If you just use that DB for some special purpose then give a look at Django Multiple databases
My current task on hand is to figure out the best approach to load millions of documents in solr.
The data file is an export from DB in csv format.
Currently, I am thinking about splitting the file into smaller files and having a script while post this smaller ones using curl.
I have noticed that if u post high amount of data, most of the time the request times out.
I am looking into Data importer and it seems like a good option
Any others ideas highly appreciated
Thanks
Unless a database is already part of your solution, I wouldn't add additional complexity to your solution. Quoting the SOLR FAQ it's your servlet container that is issuing the session time-out.
As I see it, you have a couple of options (In my order of preference):
Increase container timeout
Increase the container timeout. ("maxIdleTime" parameter, if you're using the embedded Jetty instance).
I'm assuming you only occasionally index such large files? Increasing the time-out temporarily might just be simplest option.
Split the file
Here's the simple unix script that will do the job (Splitting the file in 500,000 line chunks):
split -d -l 500000 data.csv split_files.
for file in `ls split_files.*`
do
curl 'http://localhost:8983/solr/update/csv?fieldnames=id,name,category&commit=true' -H 'Content-type:text/plain; charset=utf-8' --data-binary #$file
done
Parse the file and load in chunks
The following groovy script uses opencsv and solrj to parse the CSV file and commit changes to Solr every 500,000 lines.

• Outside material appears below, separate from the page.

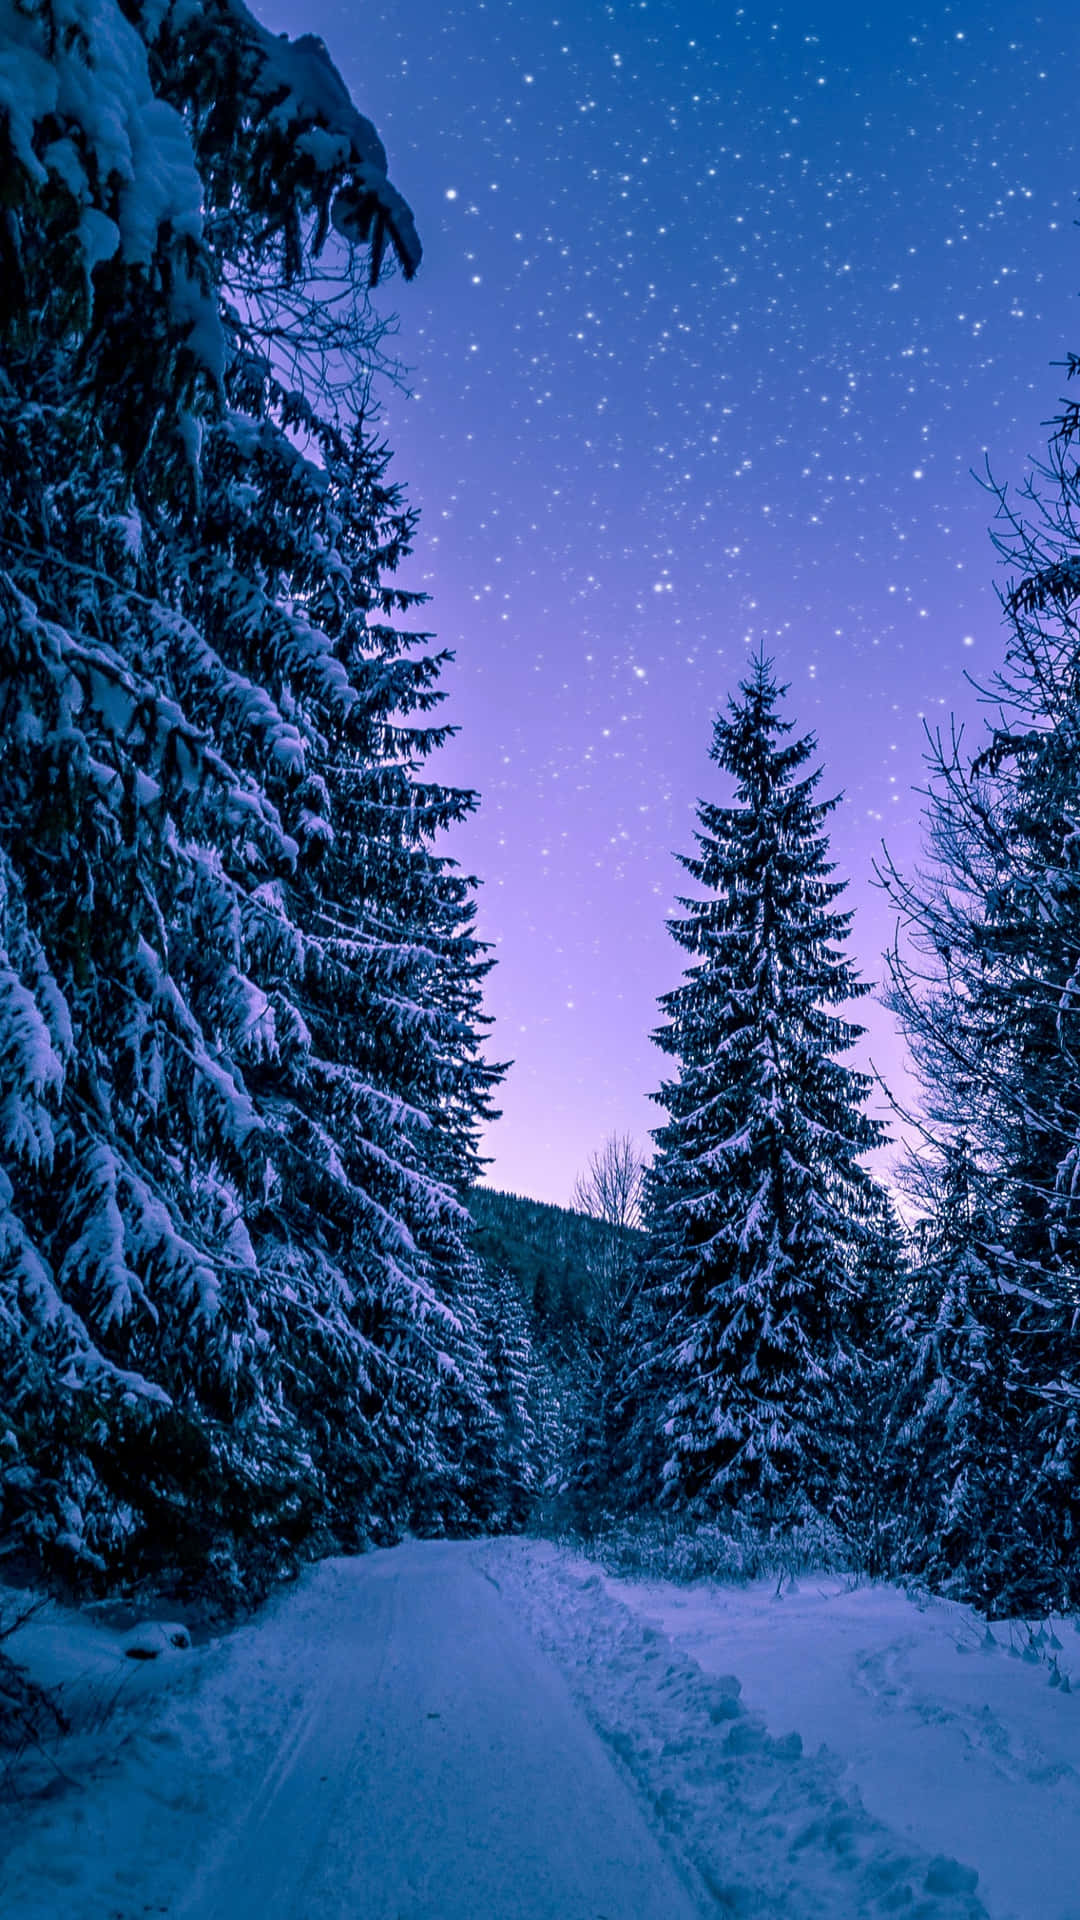 A Winter Snowfall Paints A Peaceful Winter Scene Background

import au.com.bytecode.opencsv.CSVReader
import org.apache.solr.client.solrj.SolrServer
import org.apache.solr.client.solrj.impl.CommonsHttpSolrServer
import org.apache.solr.common.SolrInputDocument
#Grapes([
#Grab(group='net.sf.opencsv', module='opencsv', version='2.3'),
#Grab(group='org.apache.solr', module='solr-solrj', version='3.5.0'),
#Grab(group='ch.qos.logback', module='logback-classic', version='1.0.0'),
])
SolrServer server = new CommonsHttpSolrServer("http://localhost:8983/solr/");
new File("data.csv").withReader { reader ->
CSVReader csv = new CSVReader(reader)
String[] result
Integer count = 1
Integer chunkSize = 500000
while (result = csv.readNext()) {
SolrInputDocument doc = new SolrInputDocument();
doc.addField("id", result[0])
doc.addField("name_s", result[1])
doc.addField("category_s", result[2])
server.add(doc)
if (count.mod(chunkSize) == 0) {
server.commit()
}
count++
}
server.commit()
}
In SOLR 4.0 (currently in BETA), CSV's from a local directory can be imported directly using the UpdateHandler. Modifying the example from the SOLR Wiki
curl http://localhost:8983/solr/update?stream.file=exampledocs/books.csv&stream.contentType=text/csv;charset=utf-8
And this streams the file from the local location, so no need to chunk it up and POST it via HTTP.
Above answers have explained really well the ingestion strategies from single machine.
Few more options if you have big data infrastructure in place and want to implement distributed data ingestion pipeline.
Use sqoop to bring data to hadoop or place your csv file manually in hadoop.
Use one of below connector to ingest data:
hive- solr connector, spark- solr connector.
PS:
Make sure no firewall blocks connectivity between client nodes and solr/solrcloud nodes.
Choose right directory factory for data ingestion, if near real time search is not required then use StandardDirectoryFactory.
If you get below exception in client logs during ingestion then tune autoCommit and autoSoftCommit configuration in solrconfig.xml file.
SolrServerException: No live SolrServers available to handle this
request
Definitely just load these into a normal database first. There's all sorts of tools for dealing with CSVs (for example, postgres' COPY), so it should be easy. Using Data Import Handler is also pretty simple, so this seems like the most friction-free way to load your data. This method will also be faster since you won't have unnecessary network/HTTP overhead.
The reference guide says ConcurrentUpdateSolrServer could/should be used for bulk updates.
Javadocs are somewhat incorrect (v 3.6.2, v 4.7.0):
ConcurrentUpdateSolrServer buffers all added documents and writes them into open HTTP connections.
It doesn't buffer indefinitely, but up to int queueSize, which is a constructor parameter.